Lalit Maganti's syntaqlite is currently being discussed on Hacker News thanks to Eight years of wanting, three months of building with AI, a deep dive into how it was built.

This inspired me to revisit a research project I ran when Lalit first released it a couple of weeks ago, where I tried it out and then compiled it to a WebAssembly wheel so it could run in Pyodide in a browser (the library itself uses C and Rust).

This new playground loads up the Python library and provides a UI for trying out its different features: formating, parsing into an AST, validating, and tokenizing SQLite SQL queries.

Screenshot of a dark-themed SQL validation playground called SyntaqLite.
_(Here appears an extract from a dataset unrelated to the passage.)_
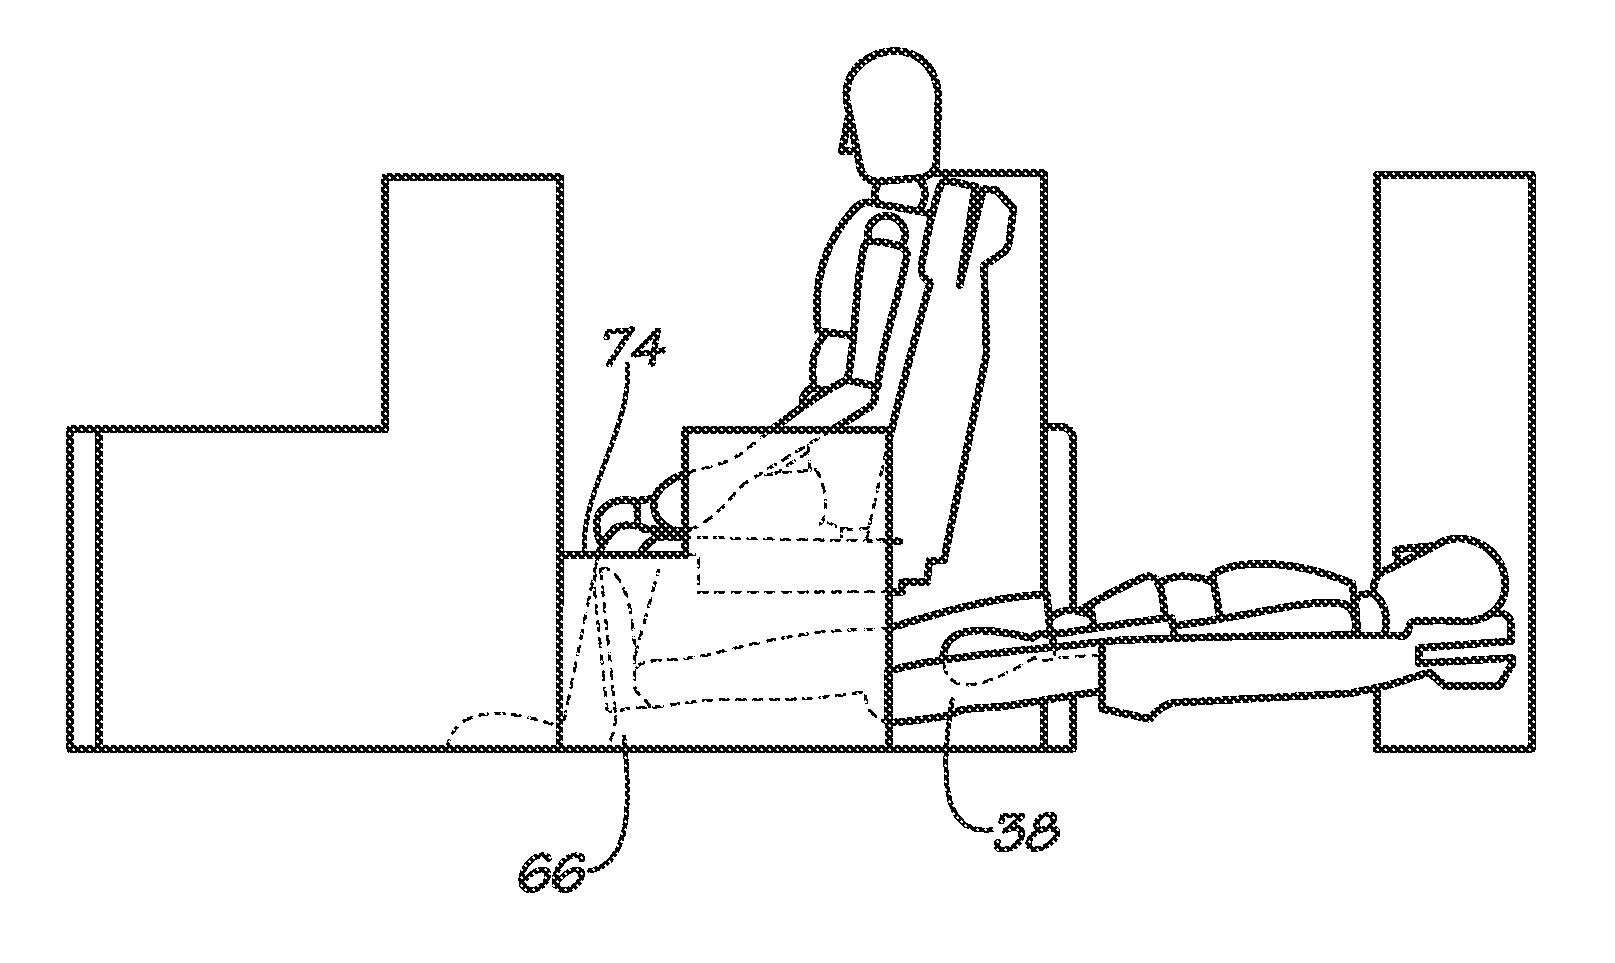 Passenger seating arrangements

The "Validate" tab is selected from options including Format, Parse, Validate, and Tokenize. The SQL input contains "SELECT id, name FROM usr WHERE active = 1" with a schema defining "users" and "posts" tables. Example buttons for "Table typo", "Column typo", and "Valid query" are shown above a red "Validate SQL" button. The Diagnostics panel shows an error for unknown table 'usr' with the suggestion "did you mean 'users'?", and the JSON panel displays the corresponding error object with severity, message, and offset fields.

Update: not sure how I missed this but syntaqlite has its own WebAssembly playground linked to from the README.

This is a beat by Simon Willison, posted on 5th April 2026.